**Your assignment:** When you transcribe the listing that follows, keep every line exact and skip any picture.

**Recorded information:**
---*---
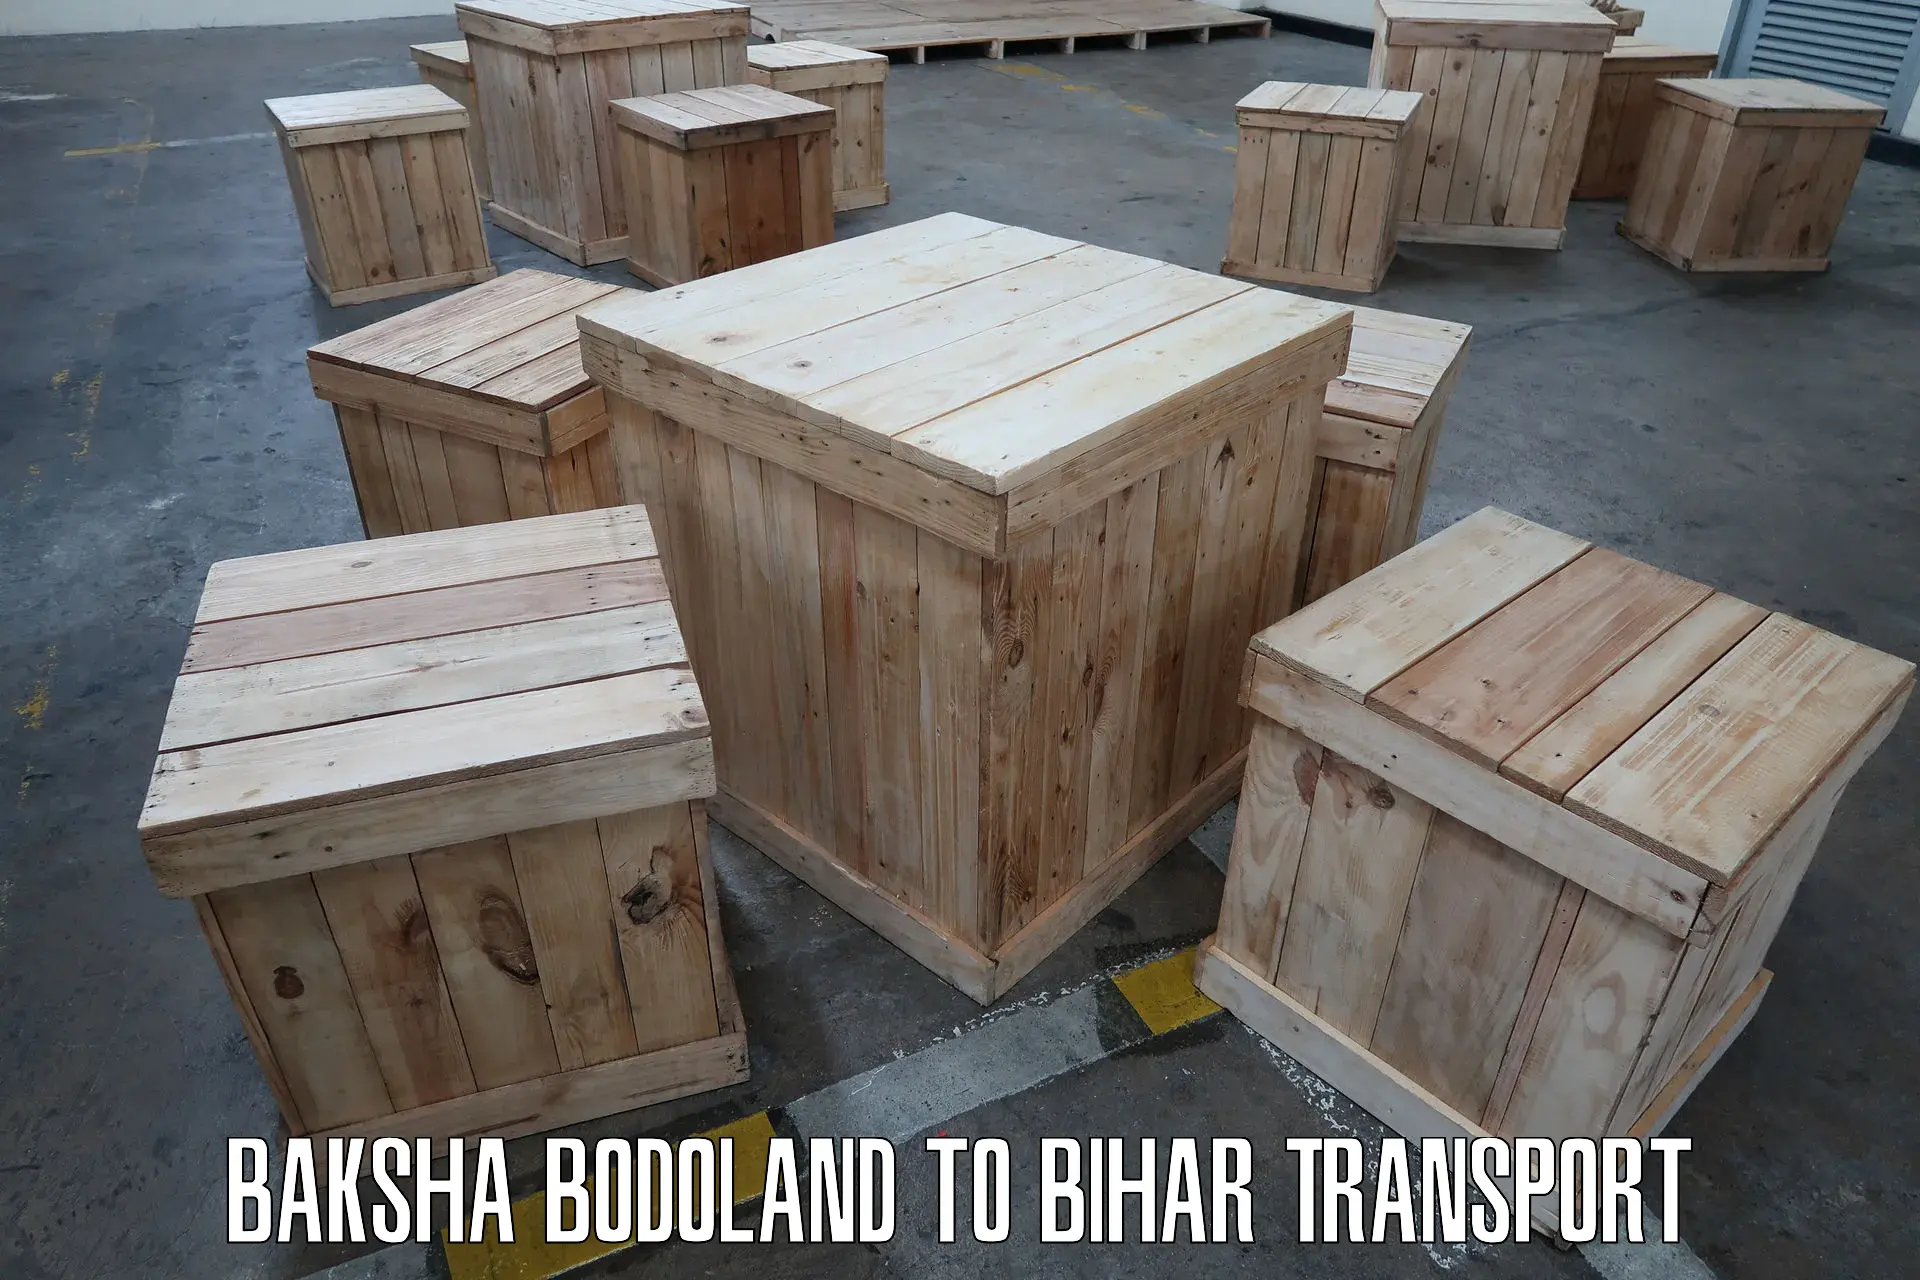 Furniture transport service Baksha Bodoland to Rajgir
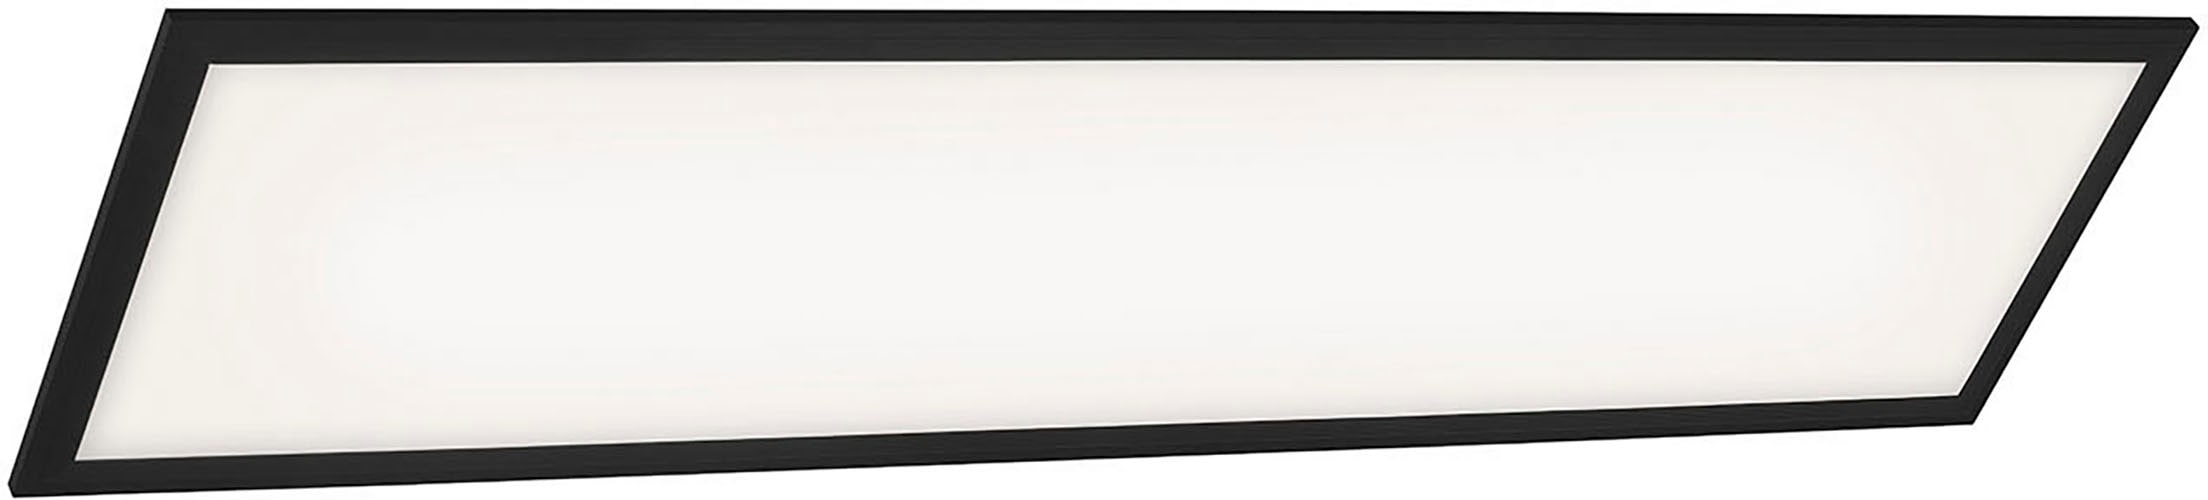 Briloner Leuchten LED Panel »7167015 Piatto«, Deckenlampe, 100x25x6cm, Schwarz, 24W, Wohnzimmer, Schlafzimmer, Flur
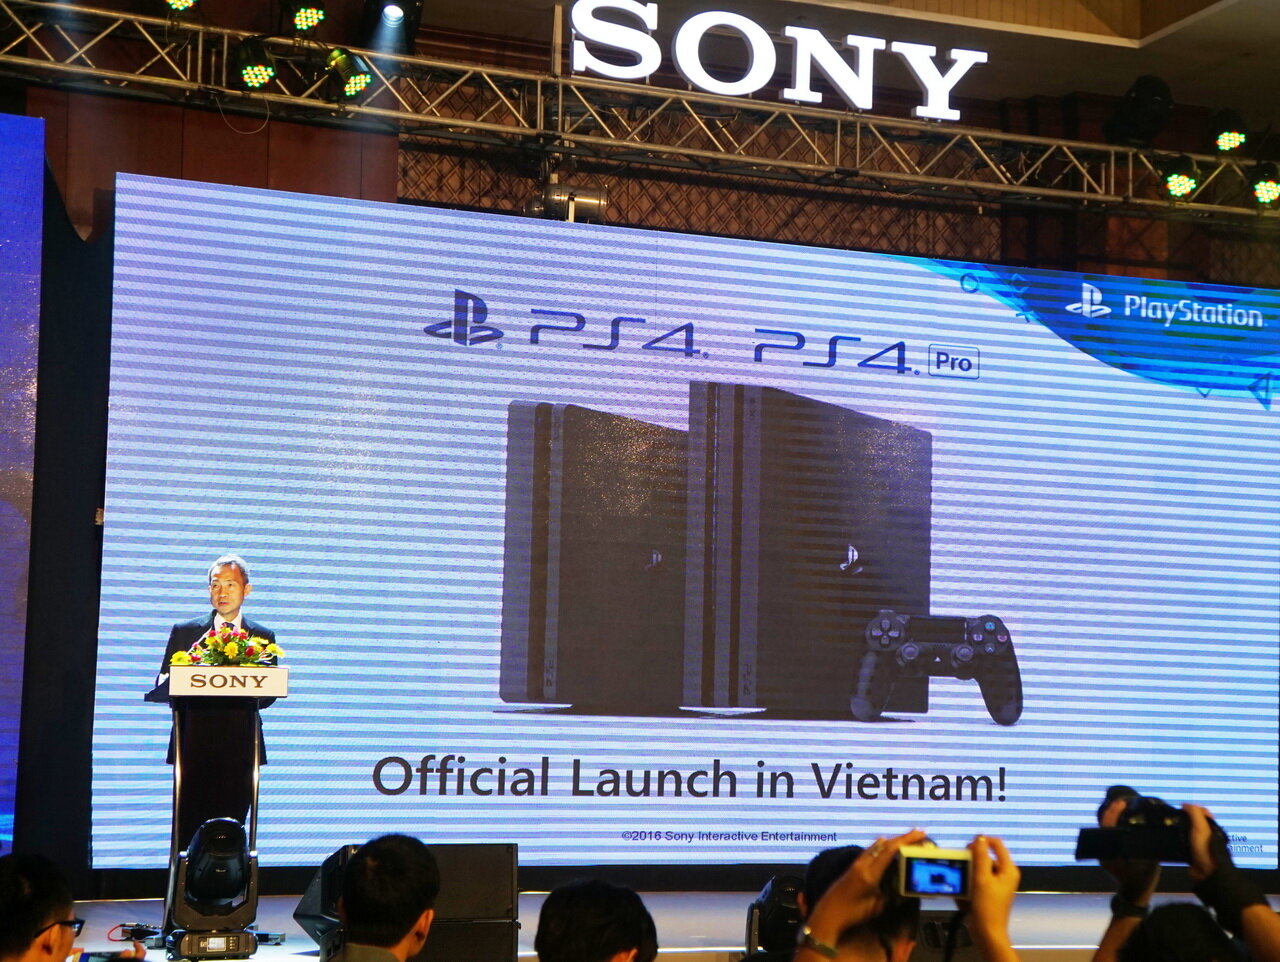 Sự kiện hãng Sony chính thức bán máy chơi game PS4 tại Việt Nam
---*---
**Solution:**
 Furniture transport service Baksha Bodoland to Rajgir
 Briloner Leuchten LED Panel »7167015 Piatto«, Deckenlampe, 100x25x6cm, Schwarz, 24W, Wohnzimmer, Schlafzimmer, Flur
 Sự kiện hãng Sony chính thức bán máy chơi game PS4 tại Việt Nam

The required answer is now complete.